Господи, откуда он это взял? Приставал к нам в Москве наш общий с Лимоновым приятель, бывший харьковчанин Феликс Фролов, приносил стянутые двумя скрепками рукописные тетрадки со стишатами Эдички, предлагал купить за трешку – человек, мол, с голоду помирает. Но тут же проговорился, что человек не совсем помирает, а неплохо зарабатывает шитьем фальшивых иностранных брюк. Мы тетрадочку полистали, пожали плечами и, раз от голодной смерти спасать не надо было, трешку на эту ерунду пожалели. А в Нью-Йорке Эдичка уже всплыл «одним из лучших поэтов»! Невольно вспоминаешь разговор двух бывших московских пуделей, встретившихся на Таймс Сквер: «А в Москве я был Сен-Бернаром», – говорит каждый.

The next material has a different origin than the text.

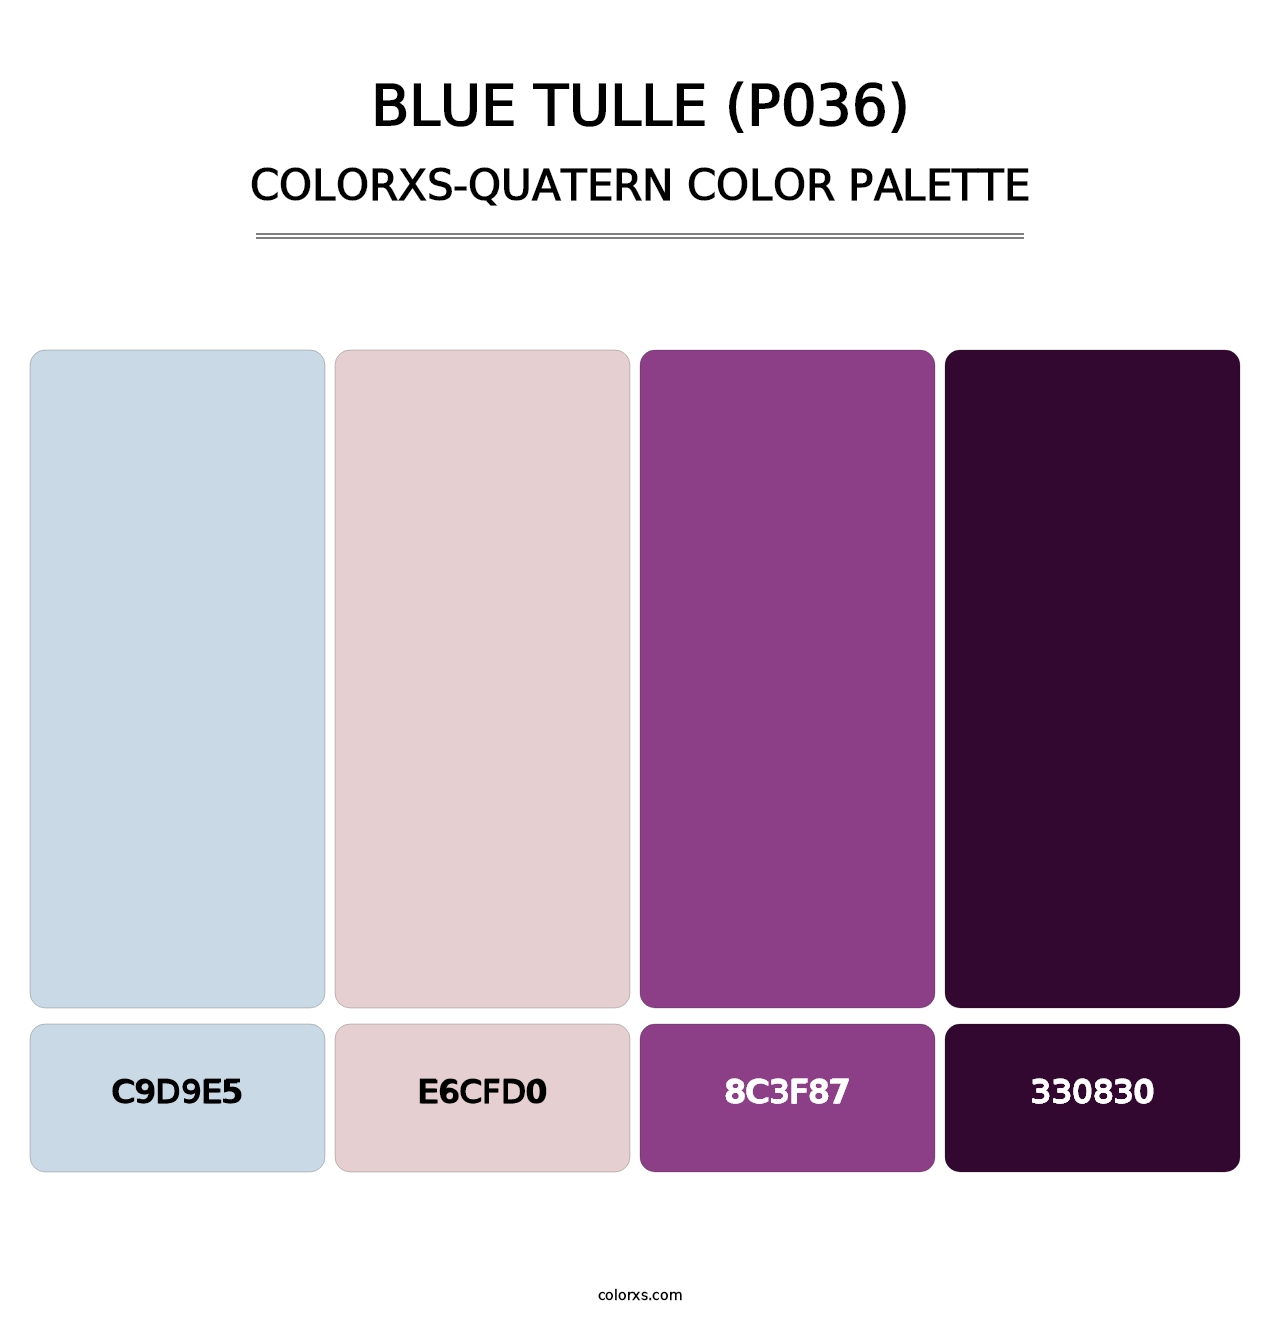 Blue Tulle (P036) - Colorxs Quatern Palette

Конечно, лучший способ стать лучшим поэтом, – всех других отменить и по возможности прикончить. Что Эдичка с успехом и делает. Свое отношение к миру русской классической литературы он выразил весьма недвусмысленно: «Таская собрания сочинений, мутно-зеленые корешки Чеховых, Лесковых и других восхвалителей и обитателей сонных русских полдней, я со злостью думаю обо всей своей родной, отвратительной русской литературе, во многом ответственной за мою жизнь. Бляди мутно-зеленые… и буквы-то их мне маленькие, многочисленные противны». Чудный способ – всю старую культуру отменить и на образовавшемся пустыре стать первым певцом новой!
Конечно, не Эдичка положил начало этой новой культуре, не он сказал в ней первое слово. Он просто последователь, подражатель, эпигон других, более ранних, сильных своим невежеством и неразборчивостью претендентов на первородство в русской поэзии. Когда в начале века всеобщее образование, насаждаемое закомплексованной интеллигенцией, выплеснуло на культурную арену массового читателя, желающего стать массовым писателем, встревоженный Н. Гумилев писал: «Все это очень серьезно. Мы присутствуем при новом вторжении варваров, сильных своей талантливостью и ужасных своей небрезгливостью».
Но и этот, испугавший Гумилева, всплеск «литературной» пены на гребне высоко взметнувшейся волны восставшей массы, не был первым сигналом надвигающегося потопа. За пятьдесят лет до того беспощадная рука Достоевского с пугающей точностью набросала портрет первого апостола новой культуры, утверждающей приоритет Желудка перед лицемерными высокими идеалами XIX века:
«Жил на свете таракан, таракан от детства,
И потом попал в стакан, полный мухоедства…
Место занял таракан, мухи возроптали,
Полон очень наш стакан, к Юпитеру закричали… —
тут у меня еще не докончено, но все равно, словами!.. – Никифор берет стакан и, несмотря на крик, выплескивает в лохань всю комедию, что давно надо было сделать».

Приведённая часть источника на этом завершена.